CORONAVIRUS

Le monde de la nuit en plein cauchemar: «Des fêtes s’organisent déjà en privé»

Le monde de la nuit en plein cauchemar: «Des fêtes s’organisent déjà en privé»

Aucune date pour savoir quand la DJ star belge Amelie Lens et ses confrères des platines reviendront mixer dans les nuits bruxelloises. (Illustration) Reporters / Photoshot

Le monde de la nuit bruxellois est au bord de l’asphyxie. Deux de ses figures de proue alertent dans une carte blanche. Alors que le CNS annonce que les boîtes ne rouvriront que fin août, le secteur prévient déjà: «il y aura des fêtes pirates».

«Nous ne pouvons plus tenir!»

Ce juin mai, le monde de la nuit a lancé un cri d’alarme. Celui-ci résonne d’autant plus fort que le CNS de ce 3 juin a confirmé ce que craignaient les acteurs de la nuit: un nouveau délai pour les boîtes et discothèques. Celles-ci ne rouvriront qu’à la fin août au plus tôt.

Alors que des dancefloors improvisés risquent de faire danser dans les parcs, les appartements, les campings ou les espaces urbains, deux figures bien connues des nuits bruxelloises alertent.

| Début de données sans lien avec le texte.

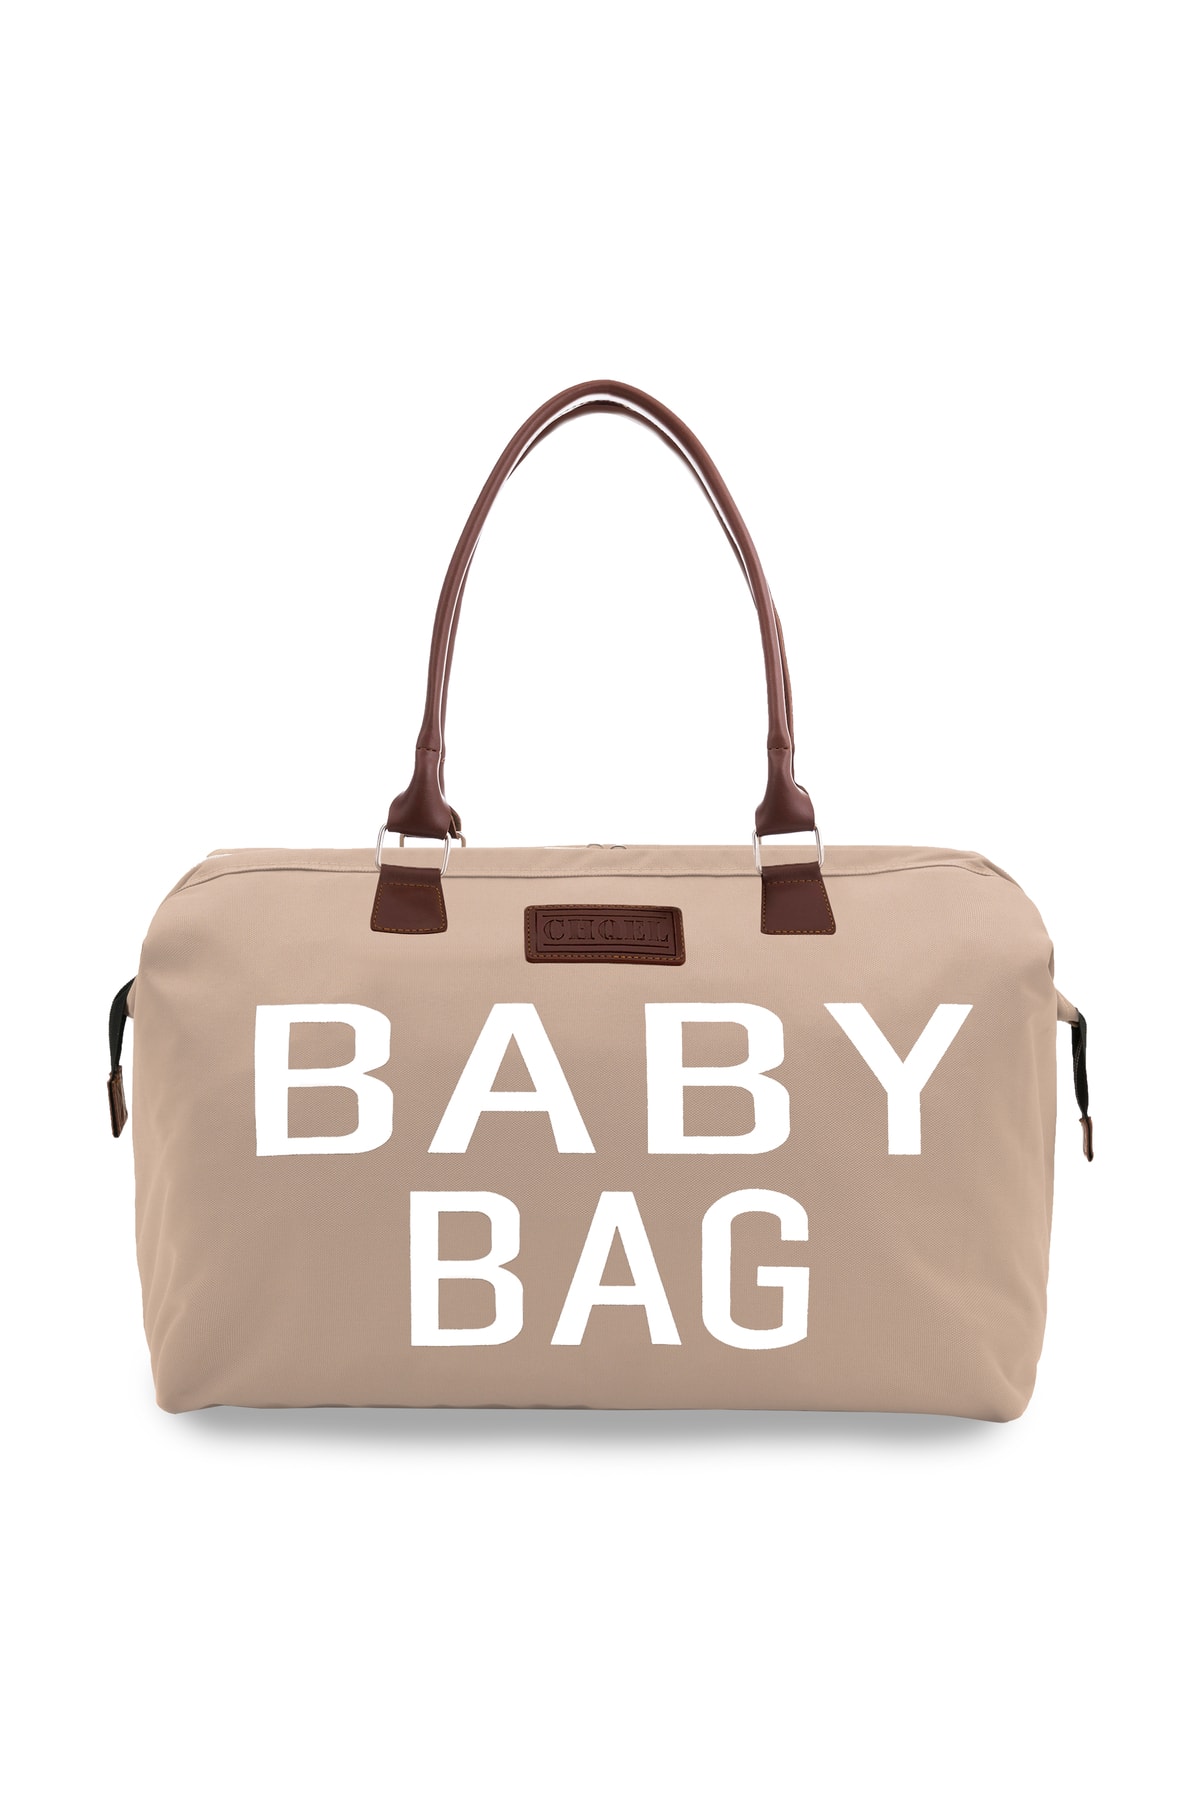 CHQEL Baby Bag Anne Bebek Bakım Çantası, Doğum, Hastane Ve Seyahat Çantası

Carl De Moncharline, organisateur d’événements et patron de l’«Imperial» au centre de Bruxelles, et Lorenzo Serra, porte-parole de la toute nouvelle «Brussels by Night Federation» et entre autre cofondateur du festival électronique Listen!, rappellent que leur secteur a dû s’adapter à beaucoup de situations difficiles (attentats, normes sonores plus strictes, augmentation de la TVA, etc.) et fait aujourd’hui face à la crise du Covid-19. «La situation devient dramatique et il est temps de la prendre en compte», déclare Lorenzo Serra.

 

Nos créanciers perdent patience et les faillites sont à prévoir si nous n’avons pas une date ferme de réouverture

 

«L’idée, c’est d’être constructif et dire que c’est le moment de nous inviter à table pour voir comment on va rouvrir professionnellement, en respectant des normes qui risquent d’être obligatoires», ajoute-t-il.

Le secteur attire également l’attention sur ses difficultés financières. Beaucoup risquent leur société, mais également leurs biens privés. «Nos créanciers perdent patience et les faillites sont à prévoir si nous n’avons pas une date ferme de réouverture», déplorent les acteurs du monde de la nuit.

Par ailleurs, ils s’inquiètent d’une possible heure de fermeture des établissements à minuit, assurant que des fêtes s’organisent déjà en privé et sans contrôle. «Là où un contrôle s’opère spontanément au sein de nos établissements, qu’en sera-t-il dans la sphère privée?», s’interrogent-ils. «Penser que nos jeunes vont rentrer sagement chez eux à minuit est une utopie», écrivent-ils dans leur carte blanche.

La «Brussels by Night Federation», récemment constituée, regroupe divers clubs et organisations de soirées à Bruxelles, tels que le C12, les Jeux d’Hiver, le Fuse, le Mirano, le Spirito, Play Label Records, La Cabane, le Jalousy, le Vertigo ou encore les Halles Saint-Géry.